Magento 2 Open Source Community Monorepo Fork vs Adobe Commerce Cloud

Yegor Shytikov
9 min readMay 3, 2021

In version control systems, a monorepo (“mono” meaning ‘single’ and “repo” being short for ‘repository’) is a software development strategy where code for many projects is stored in the same repository. As of 2017, various forms of this software engineering practice were over two decades old, but the general concept had only recently been named. Many attempts have been made to differentiate between monolithic applications and other, newer forms of monorepos.

Magento Monorepo means using one repository that contains many dependencies.

Monorepo is a nickname that means “using one repository for the source code management version control system”.

A Magento monorepo architecture means using one repository, rather than multiple repositories.

For example, a Magenеo monorepo can use one repo that contains all composer dependencies (vendor), all compiled files (generated), and for all 1-st and 3-d party extensions (vendor and app).

Monorepo is also known as one-repo or uni-repo.

Google, Facebook, Microsoft, Uber, Airbnb, and Twitter all employ very large monorepos with varying strategies to scale build systems and version control software with a large volume of code and daily changes.

Advantages of the Magento mono repo

There are a number of potential advantages to a Magento monorepo over classic repositories which have only composer files:

  • Ease of code reuse — Similar functionality or communication protocols can be abstracted into shared libraries and directly included by projects, without the need of a dependency package manager.
  • Simplified dependency management — In a multiple repository environment where multiple projects depend on a third-party dependency, that dependency might be downloaded or built multiple times. In a monorepo the build can be easily optimized, as referenced dependencies all exist in the same codebase.
  • Atomic commits — When projects that work together are contained in separate repositories, releases need to sync which versions of one project work with the other. And in large enough projects, managing compatible versions between dependencies can become dependency hell. In a monorepo this problem can be negated, since developers may change multiple projects atomically.
  • Large-scale code refactoring — Since developers have access to the entire project, refactors can ensure that every piece of the project continues to function after a refactor.
  • Easy to install what you need just to run setup:upgrade. You don’t need to hire developers just to install Magento anymore.

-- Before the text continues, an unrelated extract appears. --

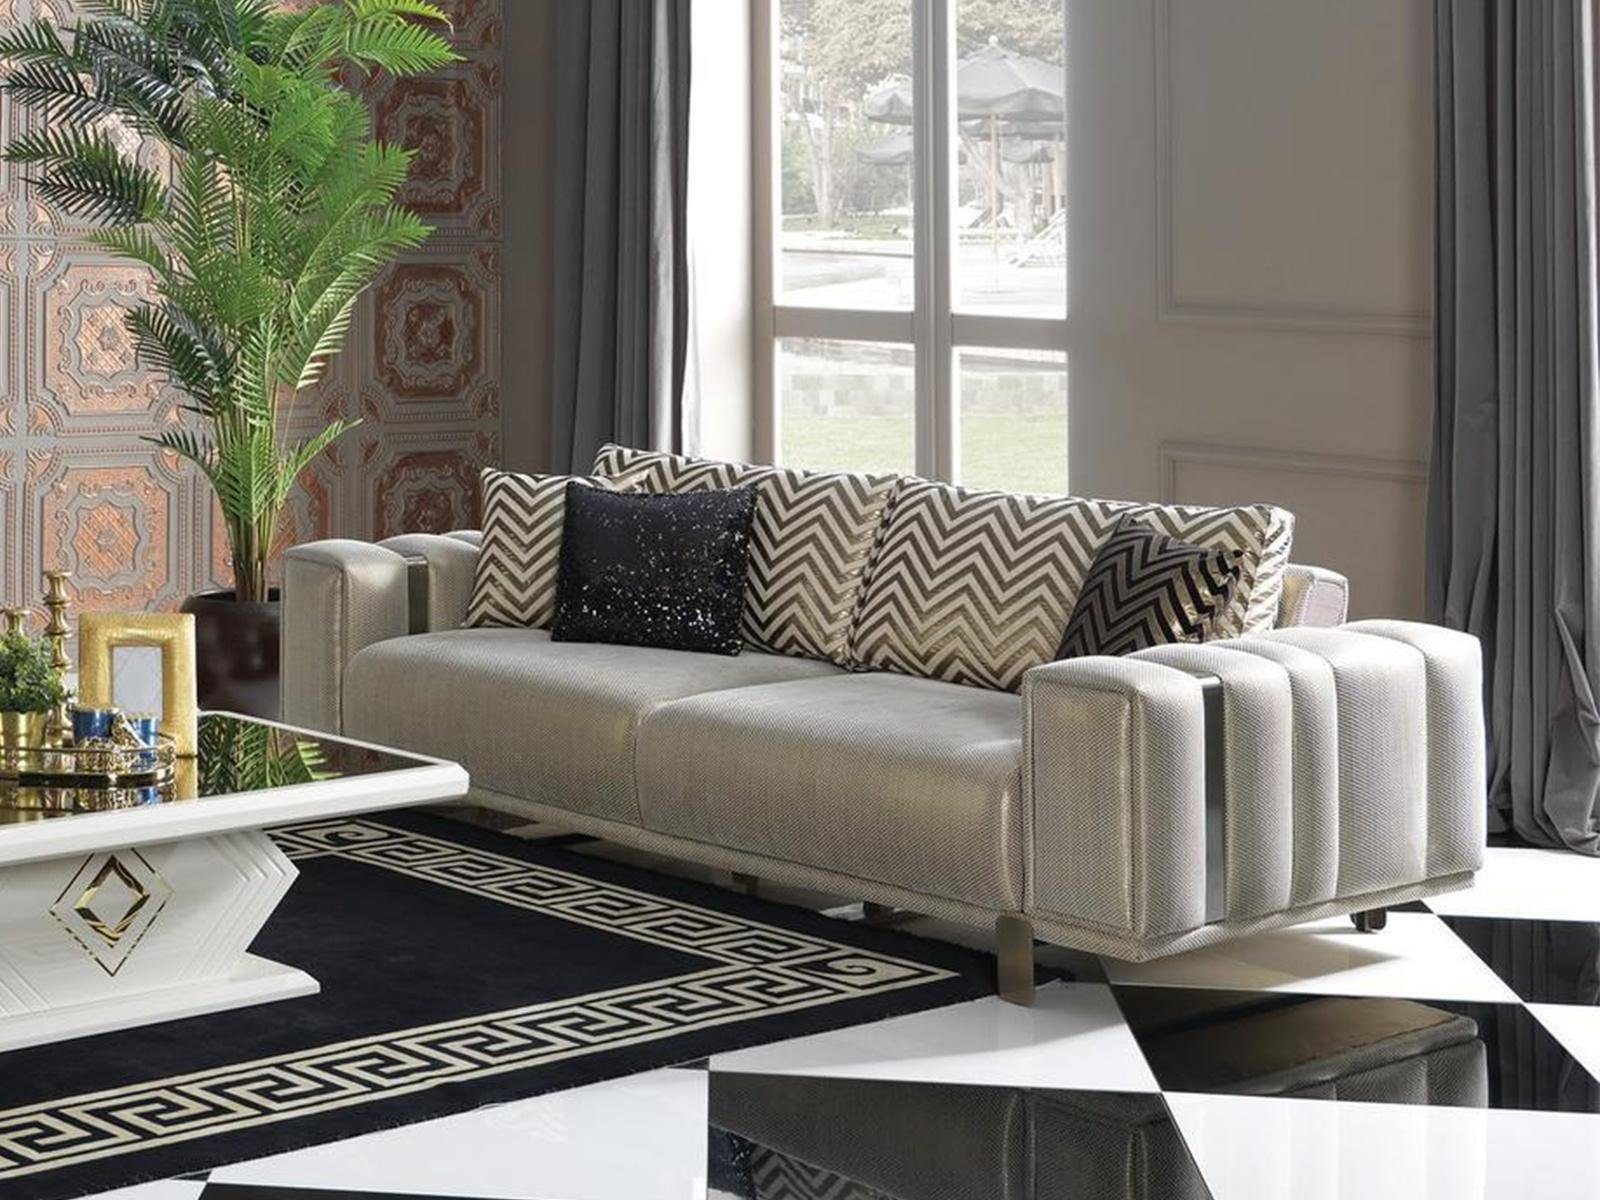 JVmoebel 2-Sitzer Möbel Sofa 2 Sitzer Couch Wonzimmer in Teile, Couchen, Design Zweisitzer Europa Made 1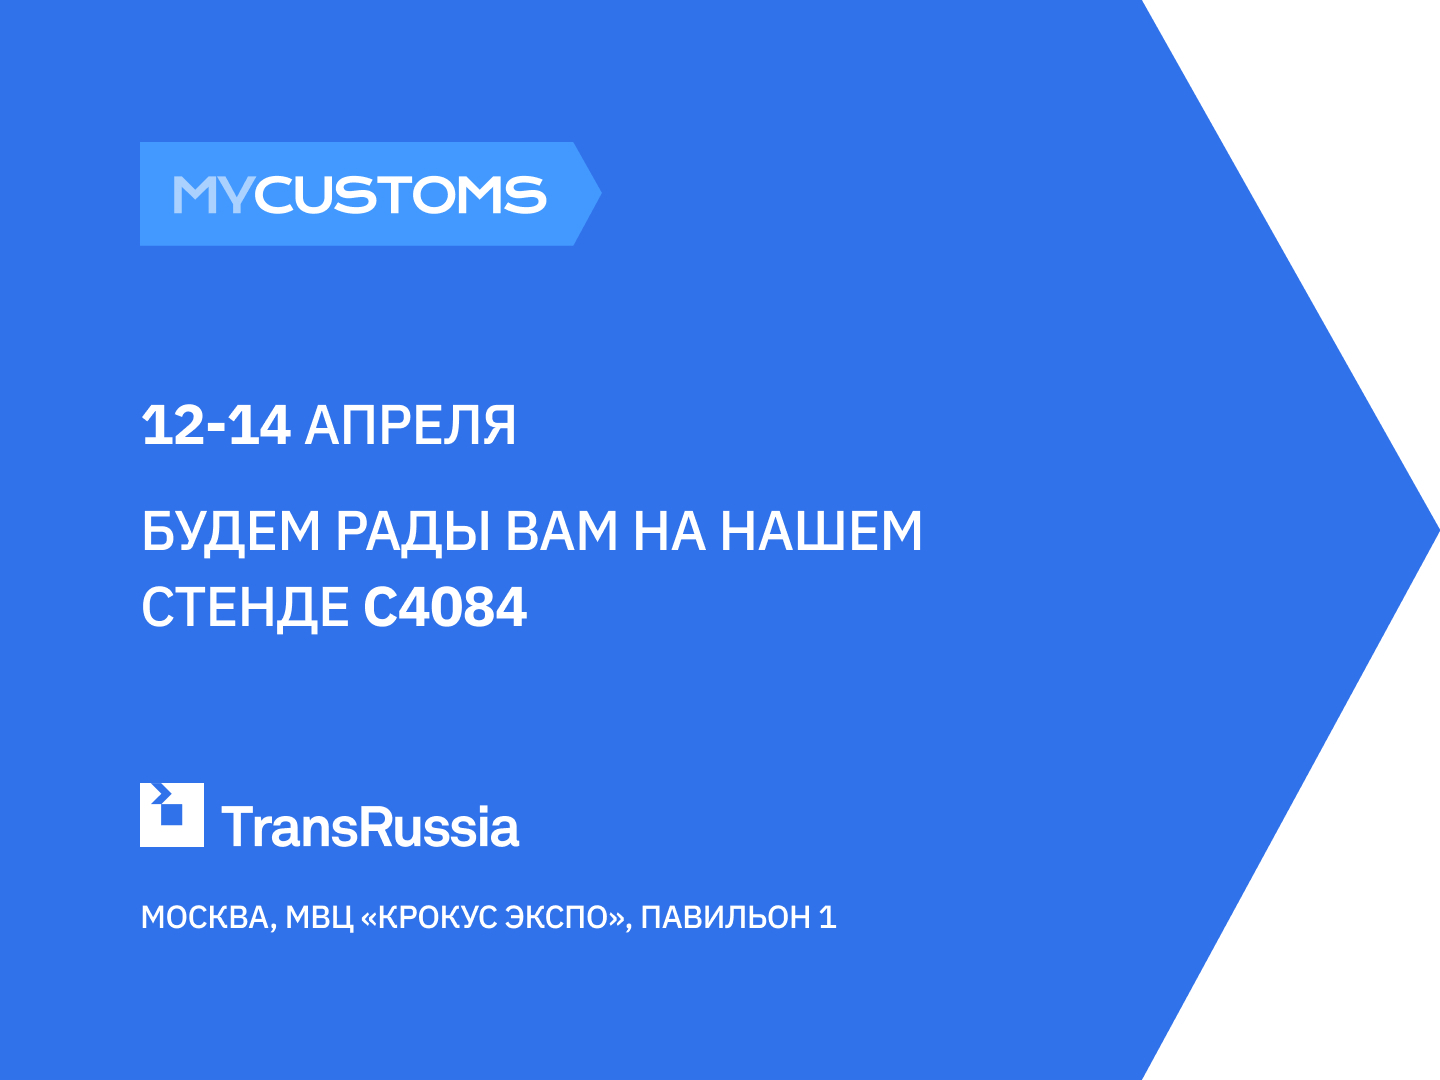 MyCustoms Will Participate in TransRussia 2022

What is Magento Community Fork?

Magento Forking is to take the source code from an open-source Magento community and develop a better version of the forked software.

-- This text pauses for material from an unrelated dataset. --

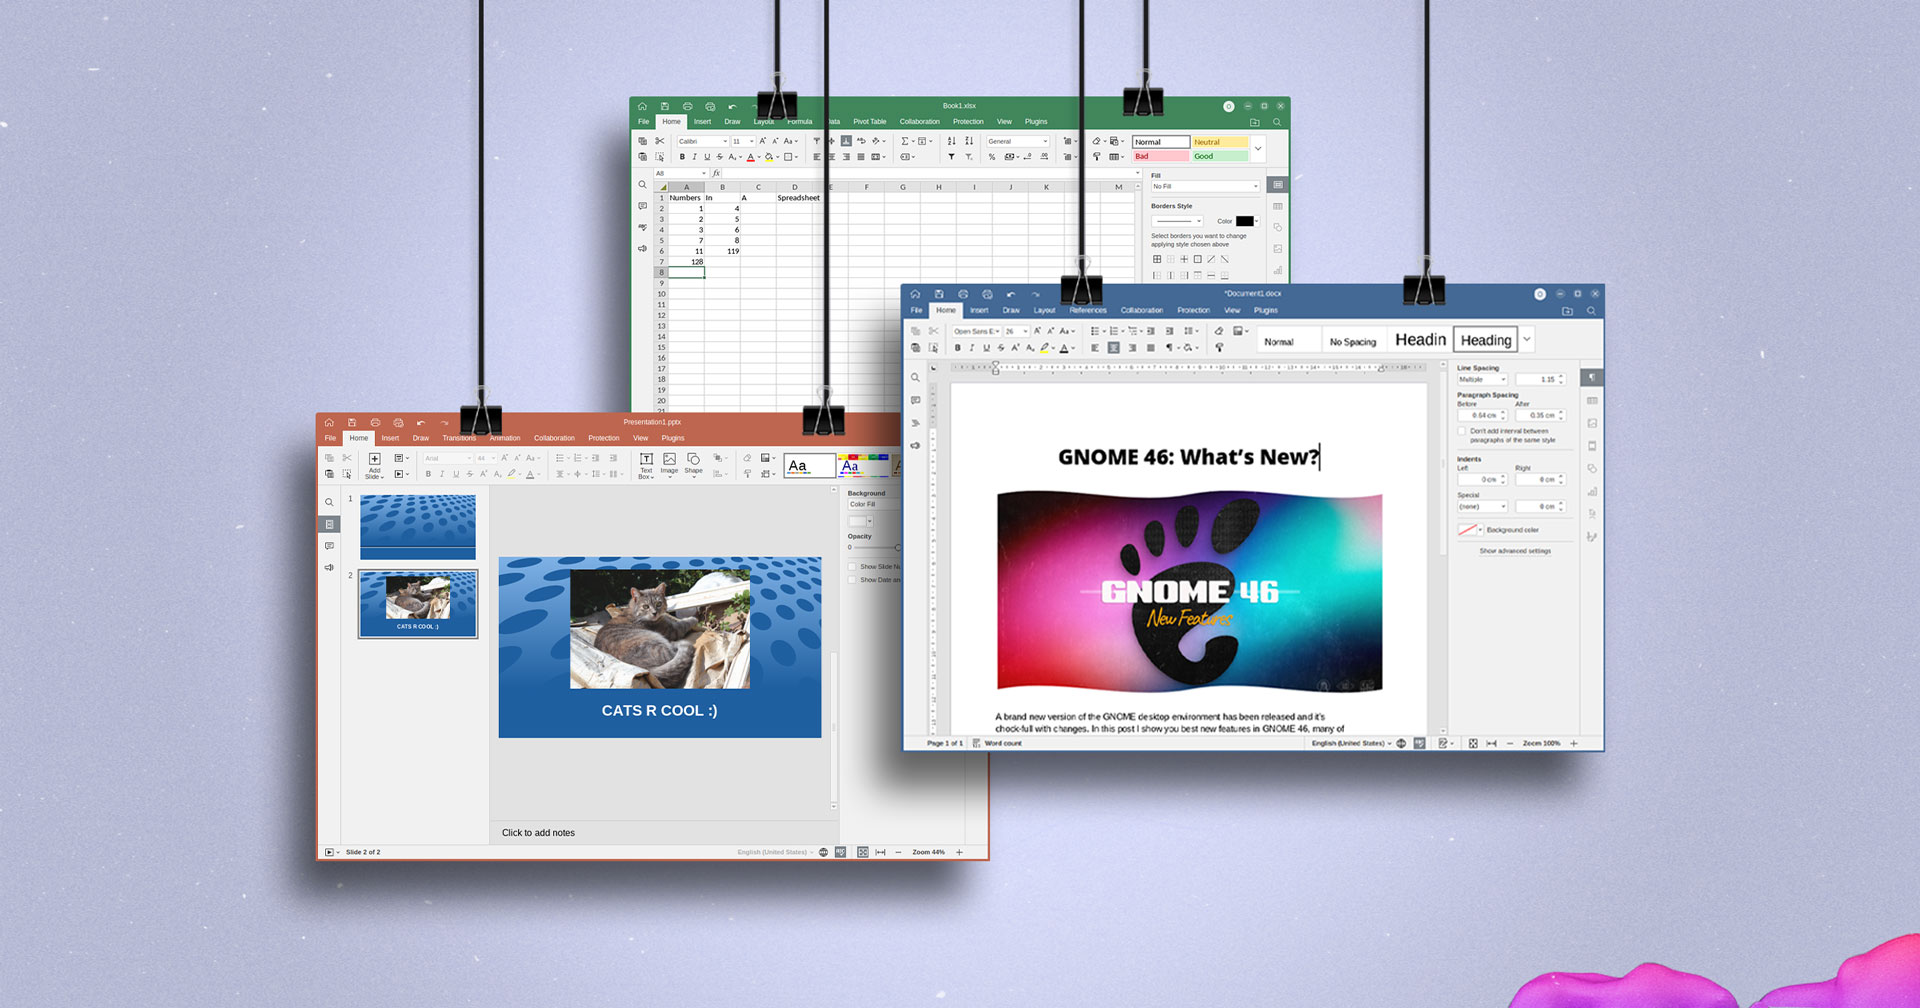 OnlyOffice desktop editors

Forks occur when Adobe (owner of the repo) decides not to address use cases that other members of the Magento development community feel are important: performance, developers' experience, broken architecture, the direction of the product.

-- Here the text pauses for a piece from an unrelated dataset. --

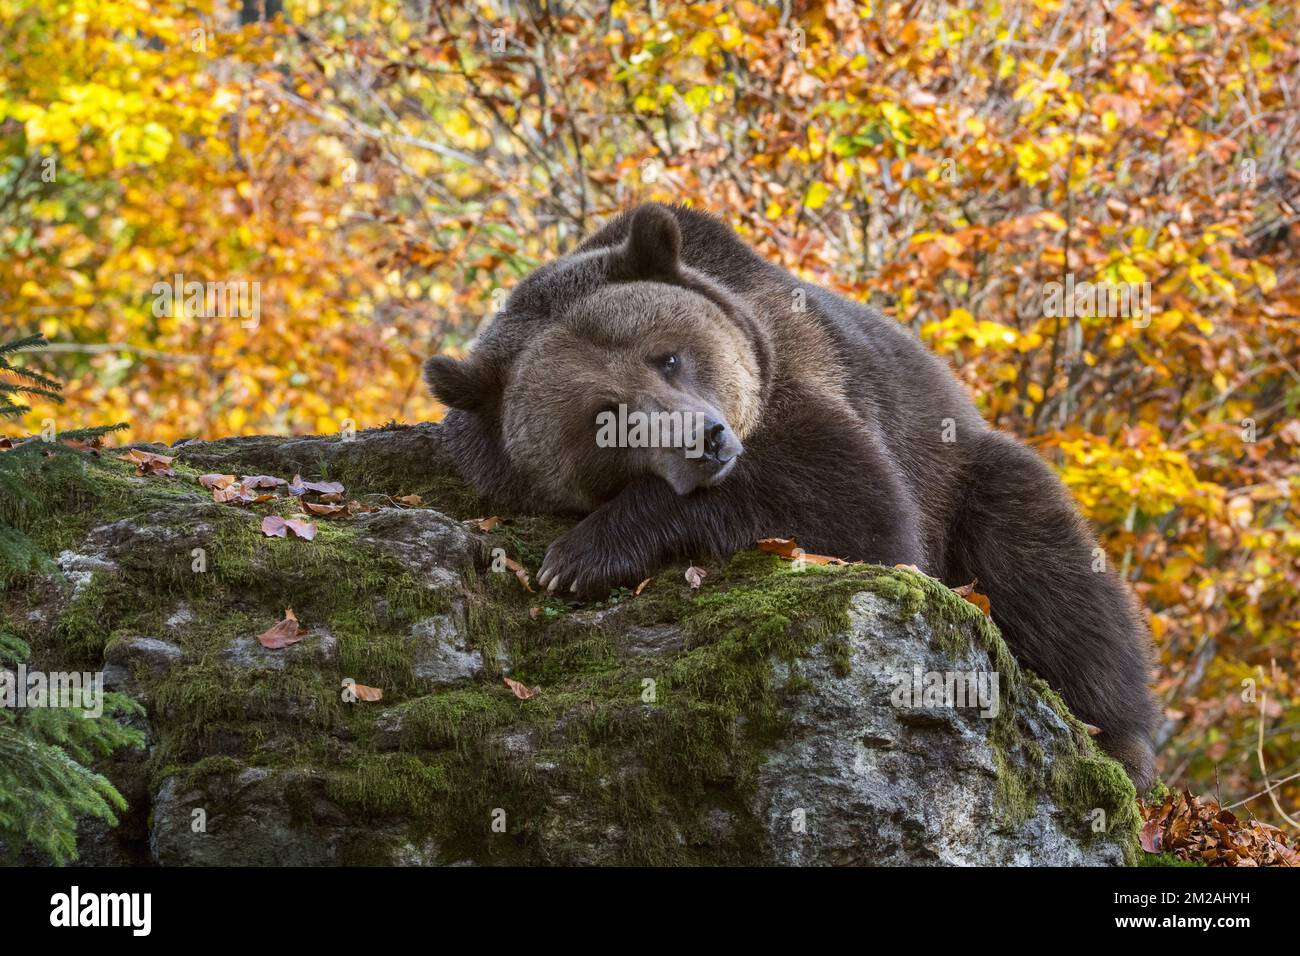 Orso bruno europeo (Ursus arctos arctos) che riposa sulla roccia nella foresta con il fogliame che mostra i colori autunnali | Ours brun d'Europe (Ursus arctos arctos) 18/10/2017 Foto Stock

The right to fork is open source software’s greatest strength. A successful Magento 2 fork can save development time, inspire other uses for old code, and create new business opportunities. this new Magento fork remains compatible with the original program (shallow fork).

The name fork is derived from the POSIX standard for operating systsems. In this context, a fork is a process that generates a copy of itself.

We will use this community Magento 2 Fork which uses monorepo architecture:

This repo is a Magento Open Source (Community) fork with optimized performance and without garbage core Magento 2 modules: chat, adobe stock integration, MSI, etc + another necessary community extension.

Why the fork?

One of the main reasons for the forking was the discontent over the way in which Adobe was handling the project and killing the Magento open source in favor of Enterprise offerings: Magento Commerce, Cloud, 3-d party companies.

Some of the core contributors tried working with Adobe to move the project into a structure where the contributors and community could step in to solve the problems that make a profit for Magento and Adobe(bugs, issues, test coverage, issue reporting). However independent developers want to improve Magento and its ecosystem without any big corporate bullshit.

We don’t want to have just one person who’s appointed by a company making decisions. We want contributors to have more control.

Big tension between the Adobe corporate owner of an open source project and the community of developers contributing to it.

How to install Magento 2 monorepo.

Create instance C6g 16.xlarge

This instance is known as Magento Cloud killer. with 64 physical core and better performance than Intel with the fraction of the broken Magento Cloud Cloud cost:

Monthly Magento AWS Hosting Cost :

Yearly Magento AWS Hosting Cost:

Similar Adore Commerce Cloud could potentially cost over $500K per year .

Connect instance :

Instance ID

i-084576599640dedf5

  1. Open an SSH client.
  2. Locate your private key file. The key used to launch this instance is test-key.pem
  3. Run this command, if necessary, to ensure your key is not publicly viewable.
  4. chmod 400 test-key.pem
  5. Connect to your instance using its Public DNS:

Example:

  1. ssh -i “test-key.pem” ec2-user@ec2–54–151–39–218.us-west-1.compute.amazonaws.com

To install everything on clean Linux you need just:

sudo yum install git -ygit clone https://github.com/Genaker/Magento-AWS-Linux-2-Installation.gitcd Magento-AWS-Linux-2-Installationsudo bash ./install-monorepo-git.sh

You can find Magento automated installation script here :

If you have any questions how about this architecture ask me at: yegorshytikov@gmail.com

Magento 2 Community Fork vs Adobe commerce Cloud

Let’s test the performance of our Monorepo Magento Fork vs Adobe commerce Cloud

As an example of Adobe Commerce Cloud, we will use this website: www.sugarfina.com created by certified Adobe partner Corra.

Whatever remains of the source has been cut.